Оценка протестантизма русскими мыслителями XIX в. исторически претерпела изменения от резкой нетерпимости к положительному взгляду на возможность взаимного понимания. В цензурном уставе времен императора Александра Первого имелась следующая статья: «Всякое творение, в котором под предлогом защиты или оправдания одной из Церквей христианских порицается другая, яко нарушающее союз любви всех христиан единым духом во Христе связующей, подвергается запрещению». По мнению А.С. Хомякова, «из недр католицизма восстало протестантство. Проснулась надежда основать убеждение человека на началах высших, чем рационализм и юридическая формальность; проснулась надежда найти спасение в том духовном мире, который положен Создателем в основу обновленному человечеству.

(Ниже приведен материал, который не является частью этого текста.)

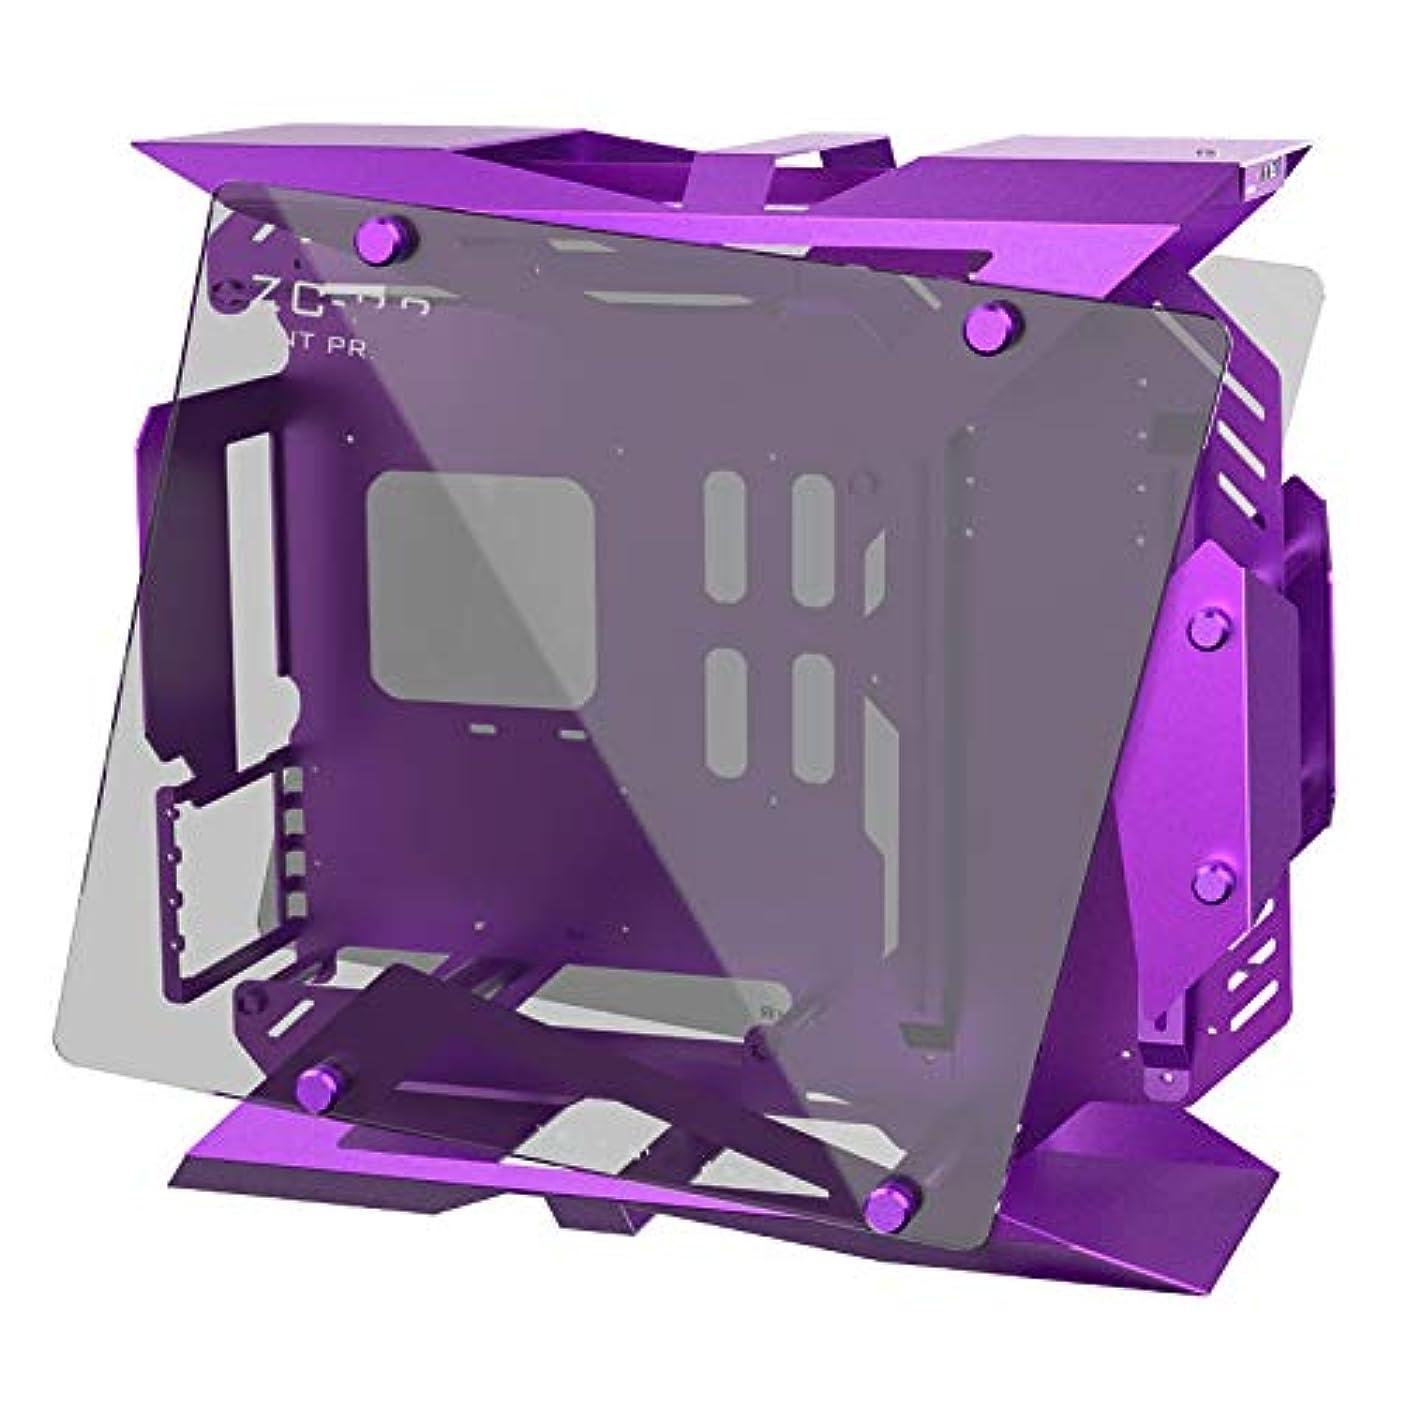 台無しに銛感覚EスポーツブティックスモールシャーシZC-22 DIY水冷MOD全アルミニウムデスクトップゲームコンピューター

Свежее и бурное протестантство, полное юных мечтаний и какой-то строгой поэзии, облагородило личность человека и влило новую кровь даже в истощенные жилы одряхлевшего латинства». И. В. Киреевский дополняет и раскрывает мысль Хомякова. «Как явление социальное, - пишет он, - Реформация способствовала развитию просвещения народов, которых она спасла от умственного угнетения Рима, самого невыносимого из всех угнетений. В этом заключается главная заслуга Реформации, возвратившей человеку его человеческое достоинство и завоевавшей ему право быть существом разумным». Для более объективного понимания Реформации много сделал В. С. Соловьев. Он подчеркивал, что отличительной особенностью ее «является не национальный и не политический протест, а чисто нравственный протест насилуемой личности во имя свободы и прав индивидуального духа... Решительное утверждение религиозной свободы личности и неприкосновенность личной совести составляют заслугу протестантства»[83].
Но дело, конечно, не только и не столько в протестантизме (лютеранстве), сколько в вещах гораздо более глубоких. По Тютчеву, как говорит об этом Б. Н. Тарасов, без веры в Бога невозможно нормальное развитие, гармоничный ум и подлинная жизнеспособность личности, общества, государства, ибо именно в ней непротиворечиво сходятся все «концы» и «начала», удовлетворяется глубинная, более или менее осознанная, потребность человека в обретении не теряемого со смертью смысла жизни и утверждается высшая нравственная норма бытия[84].
В свете вечности, безусловных ценностей и неколебимой разумности естественно укрепляются духовные основы, и обретается человеческое в человеке. Забывая Бога и отрываясь от своих мистических корней, человек утрачивает высшую нравственную норму бытия, истинную свободу, теряет способность постоянного различения добра и зла и становится «бешеным», ибо безысходно блуждает в поисках иллюзорного бессмертия и подлинно разумного оправдания жизни.
Таким образом, тема «Тютчев и христианство» имеет отнюдь не чисто академический или же богословский смысл. Речь идет о той высшей форме духовного поиска, перед которым меркнут любые религиозные разногласия и межконфессиональные раздоры. Этим устремлением во многом питается духовно-нравственный поиск Тютчева, для которого межконфессиональный диалог имеет сопричастность к высшим проявлениям человеческого духа. И поэтому тютчевская поэзия внеконфессиональна и одновременно глубоко православна - в том высшем проявлении духовности, в котором обретает себя поэтический взгляд на судьбу современной цивилизации. И в котором обретает себя пространство и время петербургской истории.